When you are on the defense, there are two things to think about. First is identifying potential threats and determining where they are coming from. When you are dealing with security issues and the information your company stores in private clouds and on-site databases, threats can come from any direction and a variety of sources. You have to be able to have a 360-degree vision at all times.
Managing SDN Environments
Software-defined network environments don’t have conventional boundaries. You must have the tools you need to protect your data stored in private clouds and other networks like VMware NSX, even when the boundaries aren’t visible. You have to be able to defend your system like a ninja, identifying potential threats and neutralizing them before they gain access to your systems. To handle a proper defense, you need to know how the different networks function and how information flows between each location.
Vigilance and Flexibility Are a Must
A holistic approach will provide you with the flexibility and alertness you must have if you plan on keeping your networks secure. You can start to segregate specific information groups making it easier to protect them within an SDN platform. Tools like Nutanix Flow and VMware NSX-T make this type of isolation happen and effectively reduces the amount of surface area that is available for an attack. To prevent a false sense of security, however. Since many of the smaller segments must continue to work together, it can, in turn, create minor breaches within the multiple connections that make the system extremely vulnerable to different types of cyberattacks.
Taking Aim at Moving Targets
Even though intruders can still make their way into SDN environments, several security tools can be used to put up walls and identify various threats. By having these tools and resources in place, it gives IT professionals the time they need to prevent extensive loss throughout the system. The security tools must be able to offer protection far beyond the software-defined networks. Boundaries must be set throughout the network to catch moving targets before they hit the SDN environments.
Being able to incorporate these security protocols outside of the SDN environments protects the network. This allows for the transfer of information from place to place, both inside and outside of the network, while still having consistent and reliable protocols in place to detect threats and prevent them from becoming a significant problem. By identifying the risk in its earliest stages, IT departments can not only save vital information, and they can strengthen the boundaries that are already in place.

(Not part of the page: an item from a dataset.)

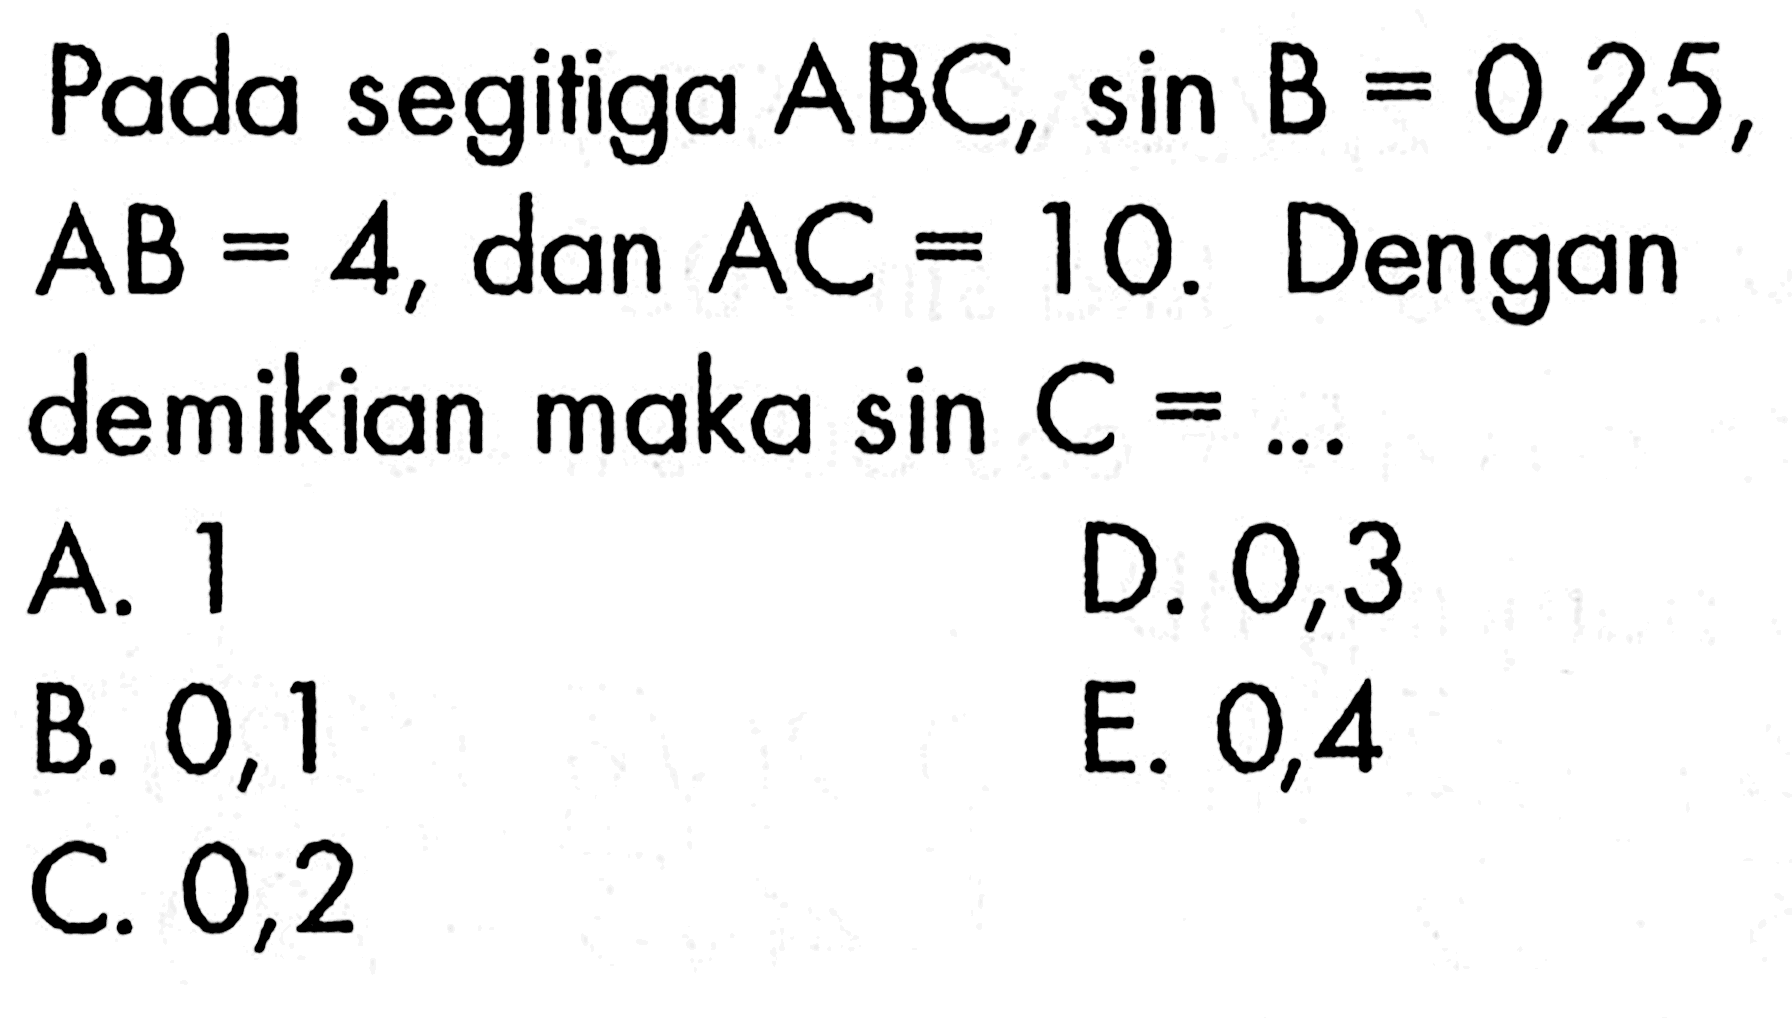 Pada segitiga  ABC, sin B=0,25,  AB=4, dan AC=10. Dengan demikian maka sin C=.... 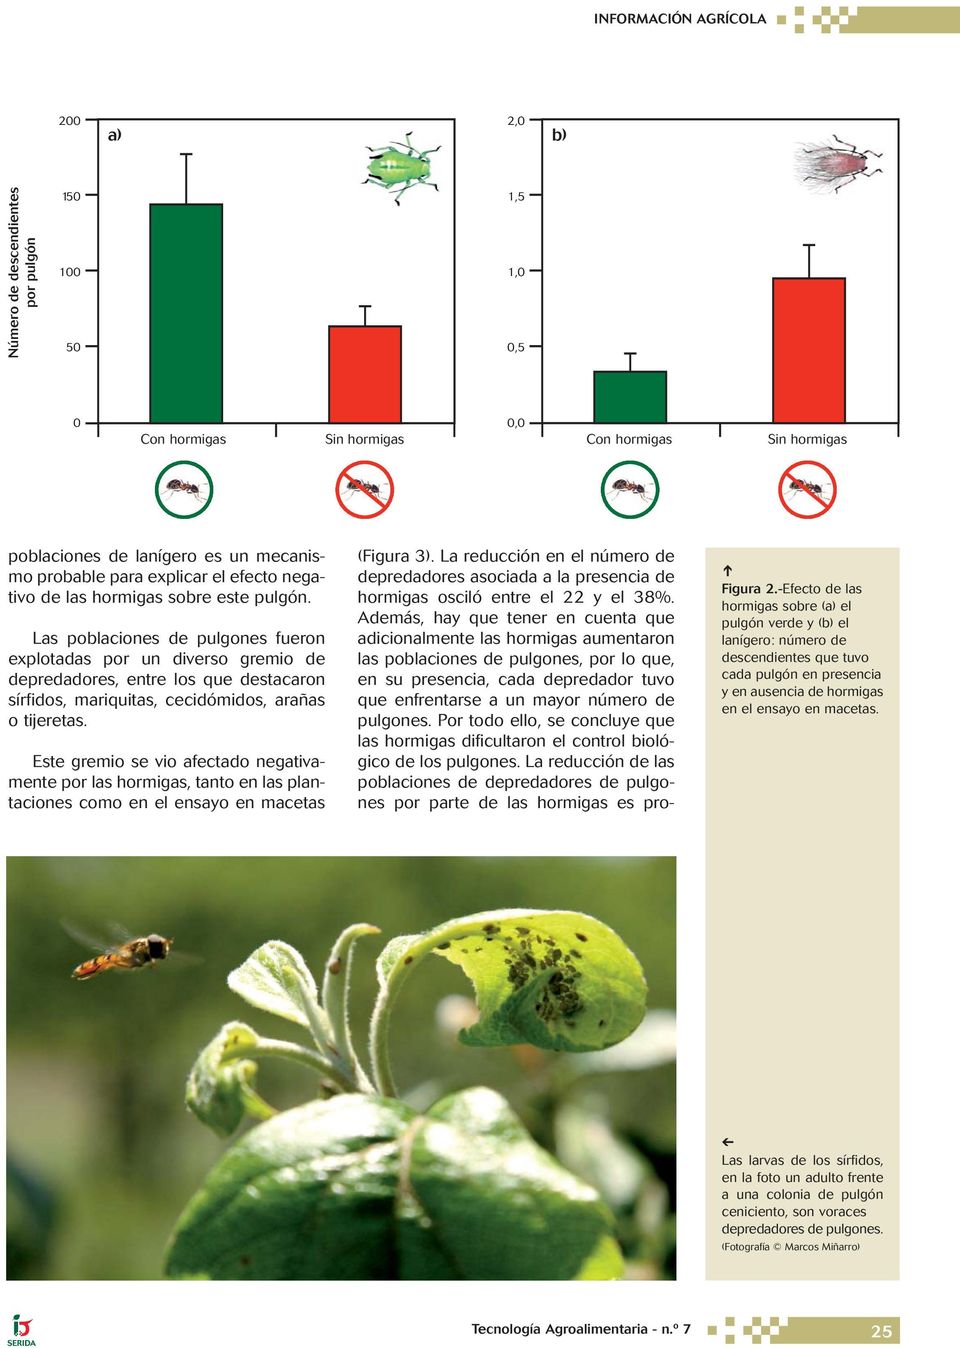 Este gremio se vio afectado negativamente por las hormigas, tanto en las plantaciones como en el ensayo en macetas (Figura 3).

Identify, Inspect, and Prevent
Next-gen firewalls are the most effective way of keeping security protocols in place when you are working between your network and an unidentified or unsecured network. Both URL Filtering and DNS Security can protect you from unwanted intruders while you work. Virtual firewalls, like the VM-series, are extremely beneficial when it comes to providing threat protection.
Many firewalls are built with a “zero-tolerance, no trust” platform. This allows the firewall to not only identify potential threats but block them as well. These firewalls can locate even the smallest risks and inspect them thoroughly. Detected threats are then blocked and prevented from gaining access to your data systems.
In an SDN environment, information must travel continually in and out of zones that may or may not be secure. You must have a system in place that provides the level of protection you need that can not only identify potential threats but block them so they cannot gain access and affect or damage your confidential information.